来源:文 联 发布时间:2021-05-21 09:04 浏览次数: 【字体:

故地重游

/周晓娟

2019年的新冠病毒变成了全球灾难,一户一户人家闭门不出,一天一天日子平淡无奇。漫长的冬天过了,春天没来得及伸个懒腰,30多度的暑日就鸣锣开鼓了。外面去不得,有病毒。躲在家里不仅安全,还可以站着躺着半站半躺着,随心所欲。闲工夫多了,肉体被囚禁着,心思便开始野了。往年游历世界的逍遥,一幕一幕,徐徐展开,何不来一场不要机票不必舟车劳累的心灵之旅,在回忆中重游旧地呢?

首选阿姆斯特丹,好听的名字,去过多次的地方。从海里抢来的土地,女娲补天,荷兰人填海,都是奇迹。这个不大不小的城市,用运河镶嵌。河上密密麻麻停泊着“船房”,里面长年居住着人家,想必冬暖夏凉,好客的话,可以随时邀请漫天飞舞的海鸥和水里的鸭子 (注意:它们势不两立,不可同时赴宴)。阿姆斯特丹寸土寸金,有套靠运河的房子是笔很大的财富,要脱手的话,据说前来竞价的人会排长队守候在屋外

运河以前到了冬天是要结冰的,冰雪造就了荷兰人冰上速滑的奇迹,10天11市家庭滑冰节是它的传统。如今,地球变暖,雪不多,冰很薄,滑冰转到室内,少了一桩惊心动魄的群众户外冬季体育盛事,令人扼腕叹息!爱滑冰的荷兰人也是疯狂的足球迷,世界杯多届亚军,但一直未能夺金。荷兰人一年四季骑自行车,大人小孩都在骑,既环保又健身还省钱,荷兰人会过日子。

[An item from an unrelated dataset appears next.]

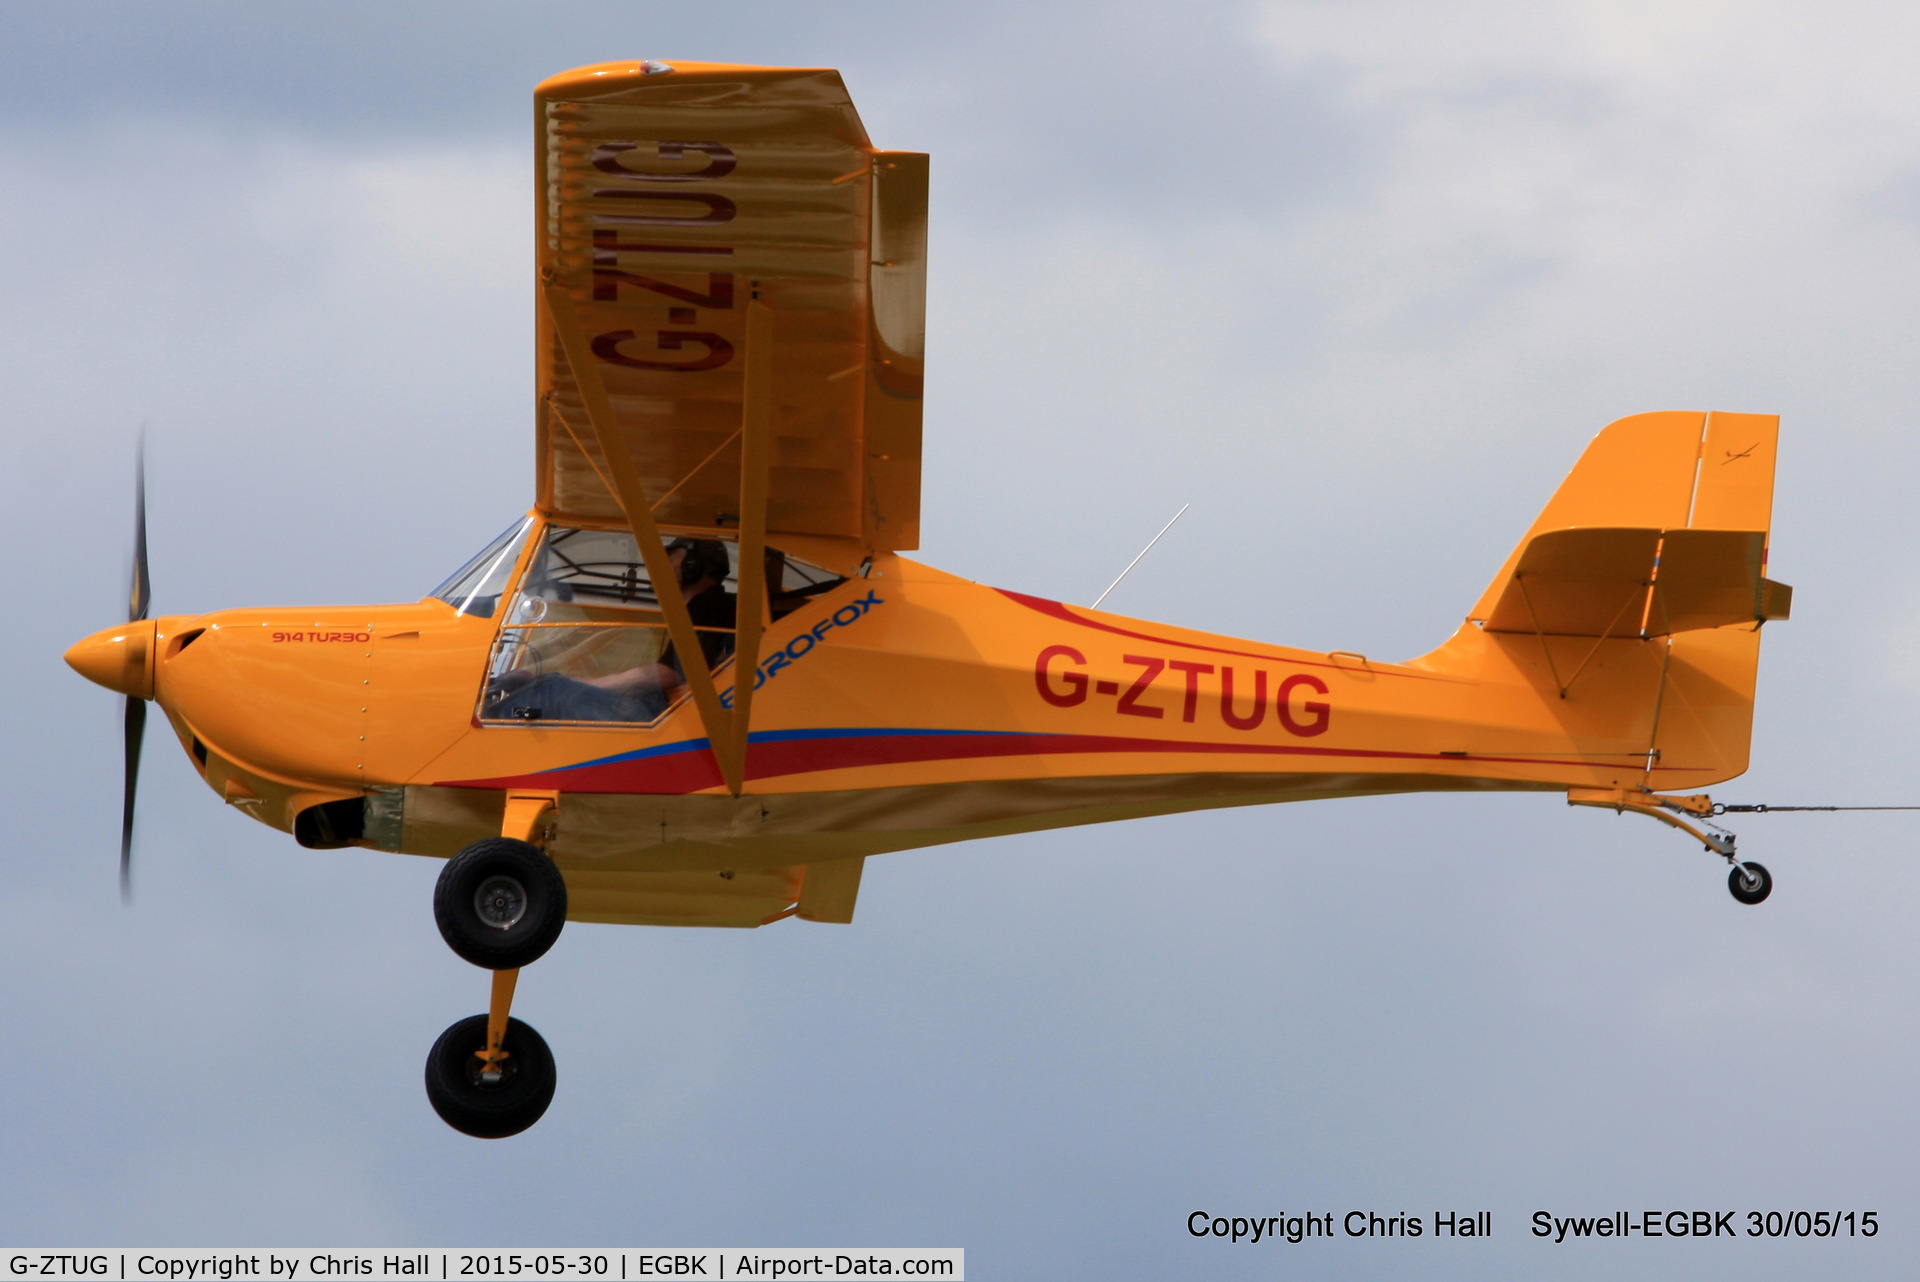 G-ZTUG, 2014 Eurofox 914 C/N LAA 376-15215, at Aeroexpo 2015

高高大大的荷兰人,浪漫起来不要本钱,鲜花遍地,几枚欧币能包圆儿。吃饭也不费劲,吃腻了荷兰的奶酪、印尼(Rijsttafels),世界各地的山珍海味,只要你花功夫,都能找得到。阿姆斯特丹火车站对面的一条小巷里,藏着欧洲最香的川菜和荷兰著名的煎饼,凑巧在我住的小旅馆隔壁,心里做个记号,下次去还住那儿。

游北京不爬长城非好汉,游阿姆斯特丹必然要去参观它的博物馆。只要你能想得出来的东西,这座城市都给它设了起码一座博物馆,绘画、雕刻、巧克力、战争武器、性工具,凡此等等,琳琅满目。碰上免费博物馆日,举家出动,全天全民艺术教育。因为崇拜梵高,对他的美术馆自然青睐有加,临走时买上几幅画,把他的向日葵种在加拿大肥沃的土地上,想象他当年的披星戴月。喜欢阿姆斯特丹,惊讶中国的青花瓷怎么成了他们的招牌技术,原来他们确实几百年前曾经受过中国白底蓝花的彩瓷影响,洋为国用,发展出了荷兰蓝。

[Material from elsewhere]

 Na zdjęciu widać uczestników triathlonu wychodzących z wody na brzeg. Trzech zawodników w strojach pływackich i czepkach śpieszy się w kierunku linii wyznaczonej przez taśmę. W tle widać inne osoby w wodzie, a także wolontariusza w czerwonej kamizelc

荷兰人直率得有些过分,他们对此并不忌讳,甚至以此为荣。有个朋友和她的姐妹仨邀请年迈的母亲上餐馆,几杯下肚,姐妹们忘了买单。母亲付钱后没几天,三个女儿各自收到了一份25%的账单,亲母女,明算帐。

第二站就去巴黎吧,光的城市,法国革命的摇篮。几次去巴黎,都以埃菲尔铁塔为圆心,择店小住。洲际大饭店豪华,与歌剧院为邻,小巧的阳台极目望去,埃菲尔塔在夜色下七彩灯光闪烁。

住过离卢浮宫不远的迷你酒店,徒步穿越狭长的街道,耐心等待搬家公司用吊绳从窗外运送家具(窗比门大),路过经常上演莫里哀剧的法国喜剧院,不久就到了玻璃金字塔覆盖的卢浮宫——贝聿铭设计,中国人的骄傲。巴黎这个举世闻名的标志物出自华人设计大师之手,如今国内的知名建筑常请洋人设计,是有意的错位?

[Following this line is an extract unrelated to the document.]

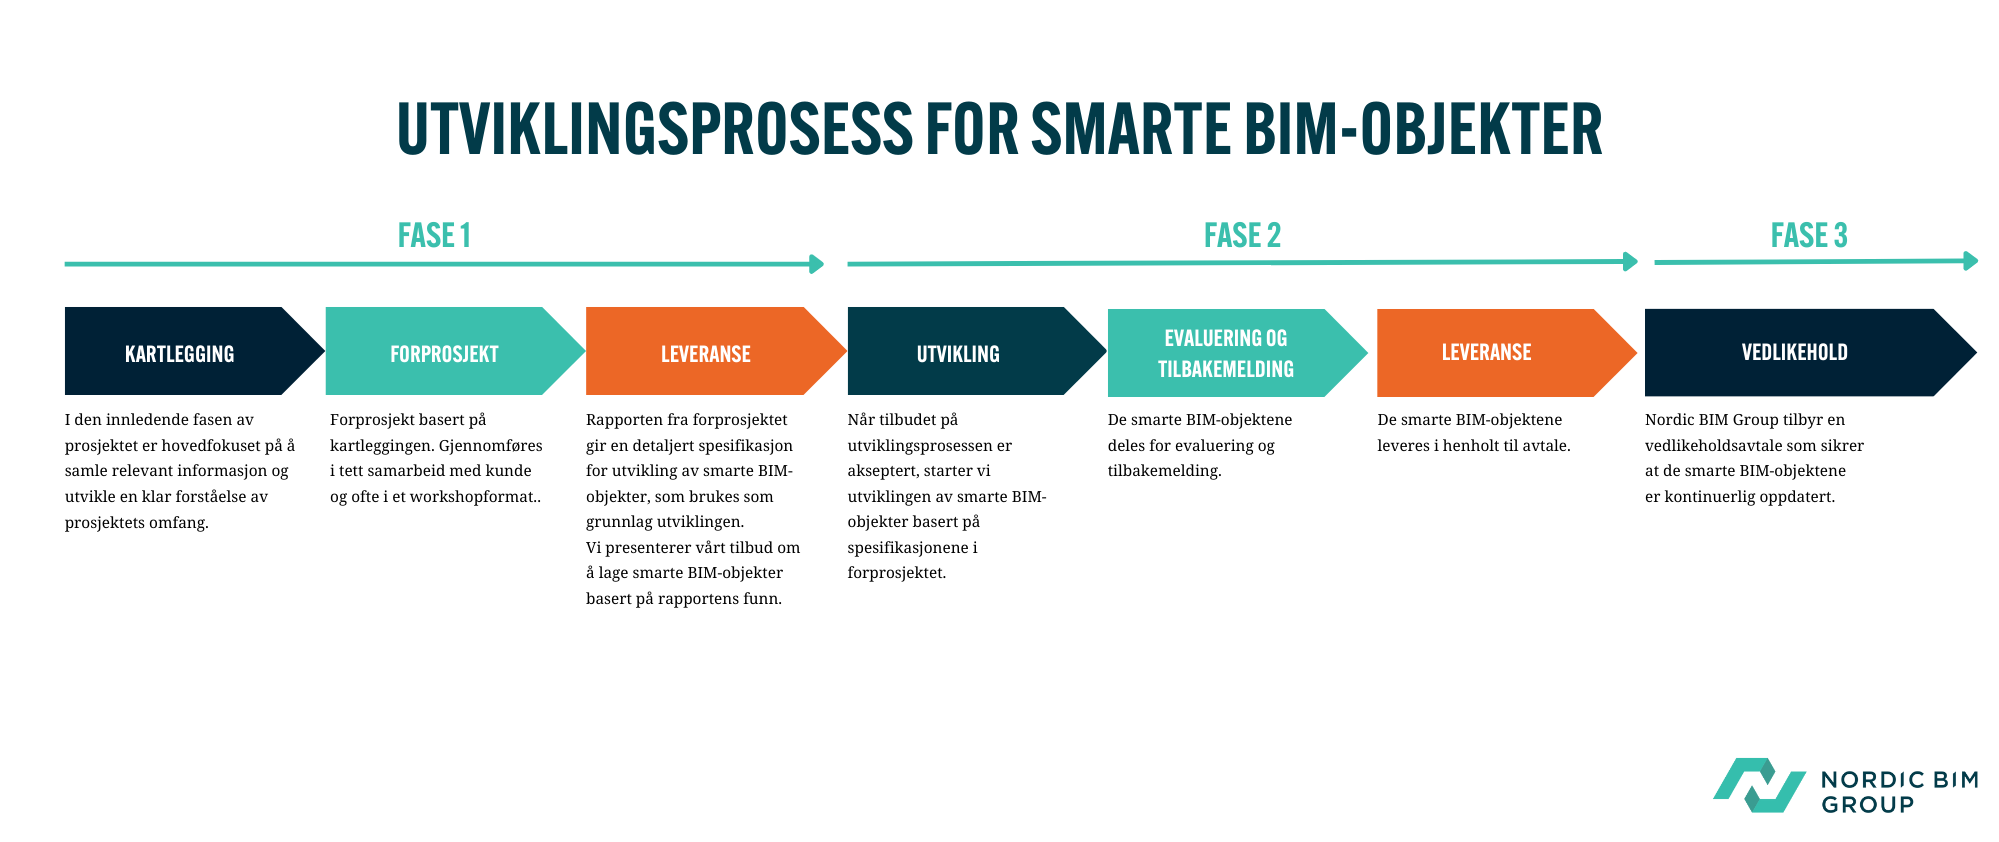 Nordic BIM Groups utviklingsprosess for smarte BIM-objekter

香榭丽舍大道并没有香味扑鼻,比北京的长安街窄小,但街道两边的店铺还是很妖艳,走累了喝杯法式咖啡,遥想拿破仑当年不可一世的威风,凯旋门依旧,英雄何处寻?世博会留下的铁塔,以它的建筑师命名,巍峨壮观。我曾隔河相望,琢磨着河边的住家们,每天清晨打开窗门,迎面扑来世界奇观,他们是激动还是已经木然?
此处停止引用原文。